For the first round of the so-called Levelling Up Fund, £1.7bn has been allocated to towns and cities across the UK.

Most of the policies apply to England only, but the government insists levelling up is a UK-wide initiative and it wishes to work with the devolved administrations in Scotland, Wales and Northern Ireland to achieve this.

When Panorama sent freedom-of-information requests to 100 councils representing the most deprived areas in England, it found that 28 councils had had all their bids rejected. This included 18 areas that were on the government's top priority list, including Knowsley and Blackpool.

Meanwhile, 38 councils won all, or some, of the money they requested, and 34 councils did not submit a bid in this round.

A second round for the fund will open for applications at the end of May.

The Ministry for Housing, Communities and Local Government was renamed the Department for Levelling Up, Housing and Communities in 2021.

Economist Nicola Headlam, who worked for the ministry before its rebrand, said asking councils to bid against each other was not the right approach.

"A beauty contest around who gets the money, that's not really how I would do it," she said.

She also said that affluent places could have more resources to write better proposals.

Mr Gove said his department was deploying levelling up directors, who lived in the relevant areas, to assist with bids.

"How can you possibly call it levelling up?" So said one council to us - in one of the poorest parts of England - when it was rejected from round one of the Levelling Up Fund, having previously been rejected for another fund, the Towns Fund.

They were also told they wouldn't get written feedback, only verbal.

But they were told one of the problems, as ministers saw it, was with "deliverability" - whether they could pull off what they were promising.

It strikes to the heart of two points of contention around the mechanisms the government is using to "level up".

Firstly, the competitive element between local authorities.
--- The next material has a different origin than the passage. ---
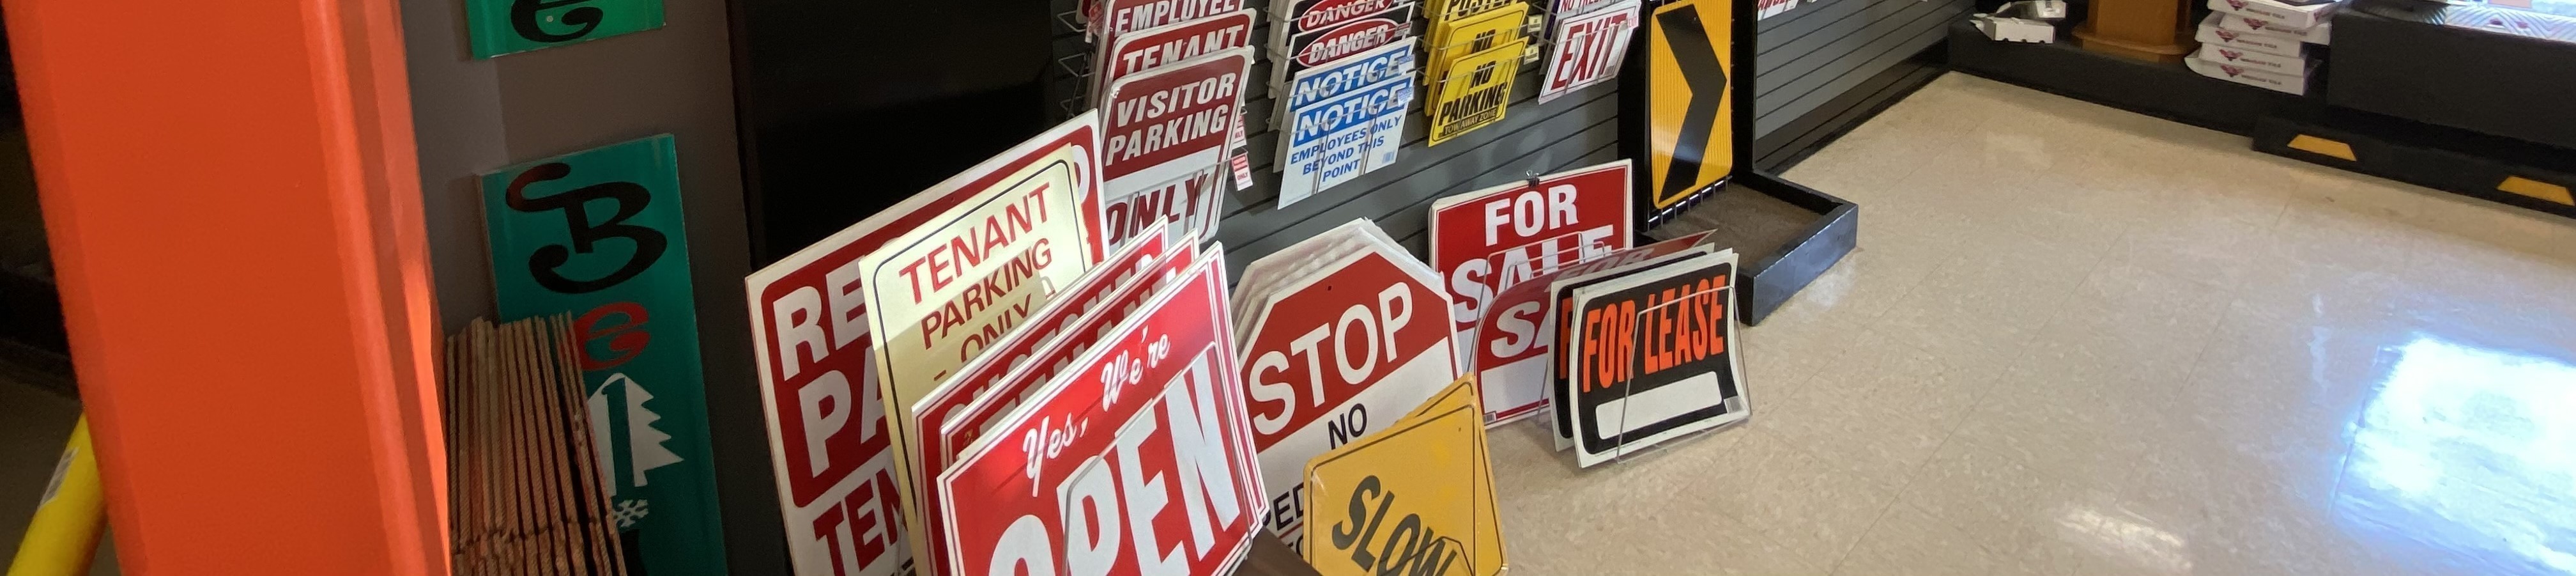 Various building signs organized by type inside the groundUP stores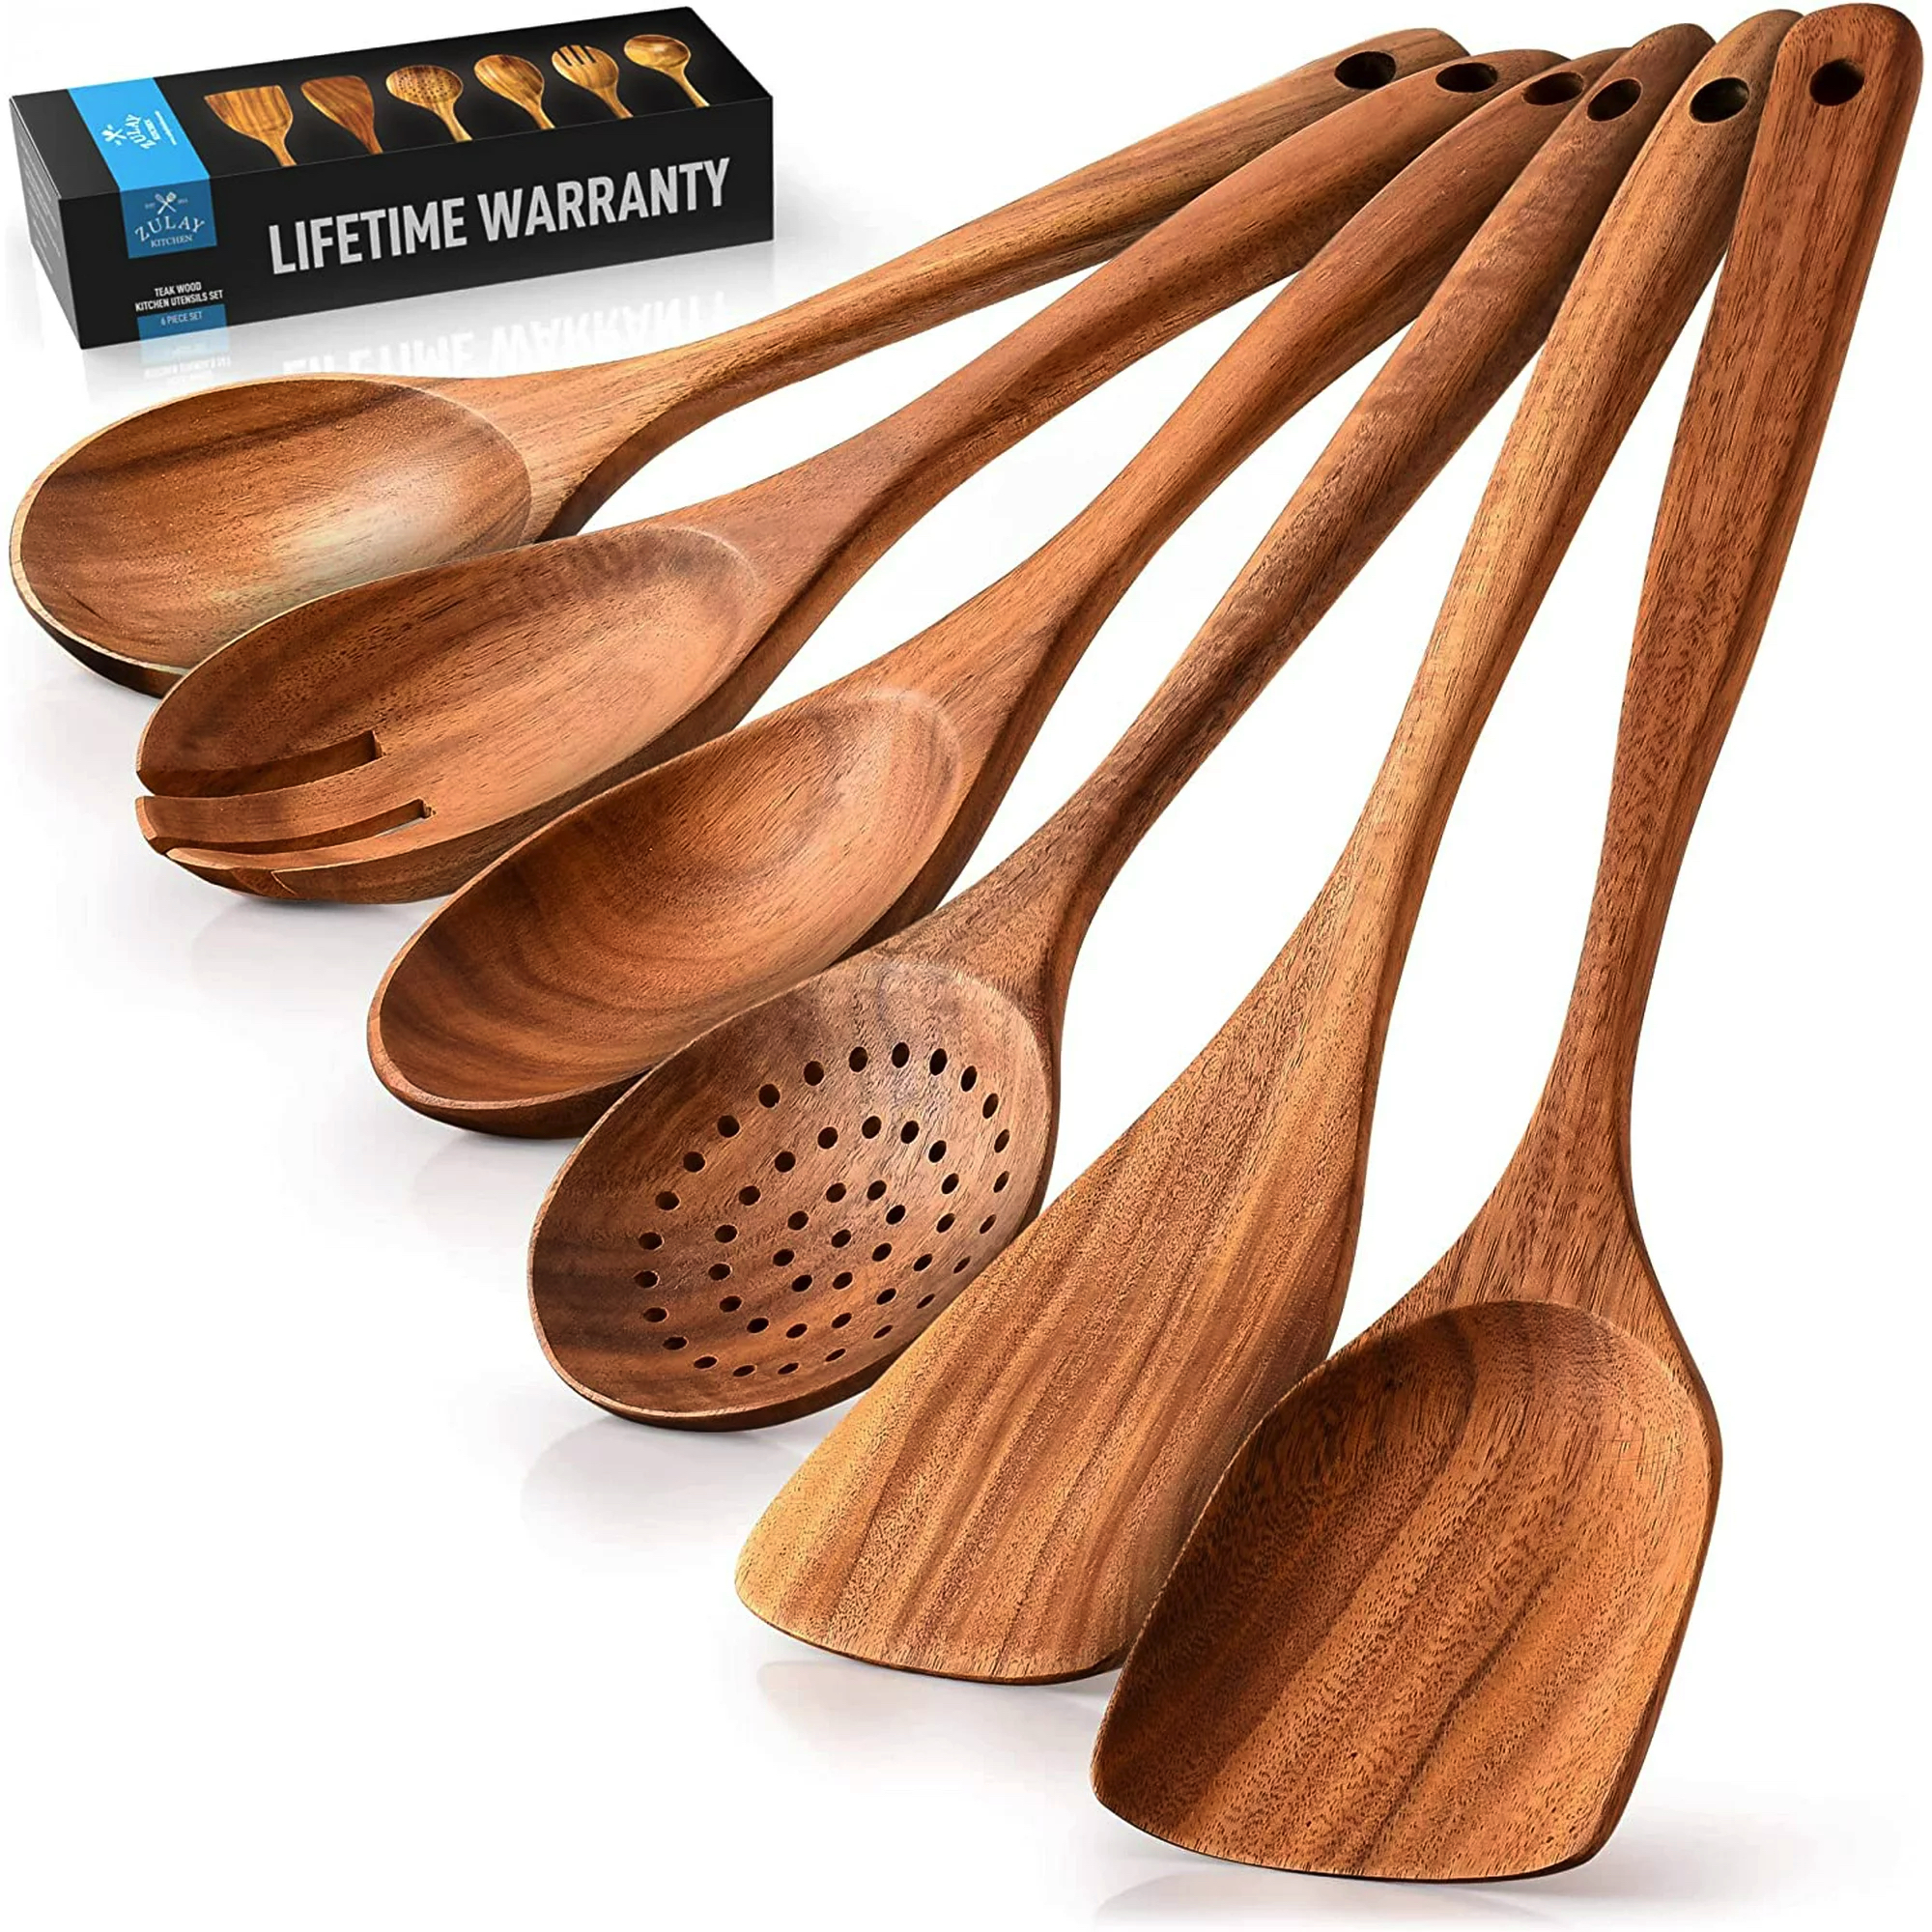 Zulay Kitchen Wooden Spoon for Cooking, Wooden Utensils for Cooking, Teak Wood Utensil Set Non Stick - 6 Piece Set - image 1 of 8

Some see it as a beauty pageant that wastes public money, but the government insists this ensures properly thought-through plans that spend taxpayers' money wisely.

And secondly, how the idea of who is deserving of support is arrived at.

The 12 levelling up missions in full

  • Increase pay, employment and productivity in all areas of the UK, with each one containing a "globally competitive city"
  • Raise public investment in research and development outside the south east of England by 40%
  • Eliminate illiteracy and innumeracy by refocusing education spending on the most disadvantaged parts of the country
  • Increase the number of people completing high-quality skills training
  • Bring the rest of the country's public transport "significantly closer" to London standards
  • Provide access to gigabit-capable broadband nationwide by 2030 and 5G mobile data coverage for the "large majority" of households
  • Create more first-time homebuyers in all areas, and reduce the number of "non-decent rented homes" by 50%
  • Narrow the gap of healthy life expectancy between the areas where it is lowest and highest
  • Improve "well-being" in every area of the UK
  • Increase "pride of place", such as people's satisfaction with their town centre and engagement in local culture and community
  • Reduce murder, manslaughter, serious violence and neighbourhood crime, especially in the worst-affected areas
  • Give every part of England that wants it a devolution deal, with more regional powers and simplified, long-term funding

Panorama's Fixing Unfair Britain: Can Levelling Up Deliver? is on BBC One at 20:00 BST on Monday 9 May

Data methodology: Data gathered under Freedom of Information requests to lower tier local authorities. We have excluded any bids made at a county council or combined authority level as these had more limited eligibility criteria for the Levelling Up Fund. We used the Index of Multiple Deprivation 2019 'rank of average rank' summary measure. Corby has been excluded due to boundary changes, so we included the 101st-ranked local authority Nuneaton and Bedworth.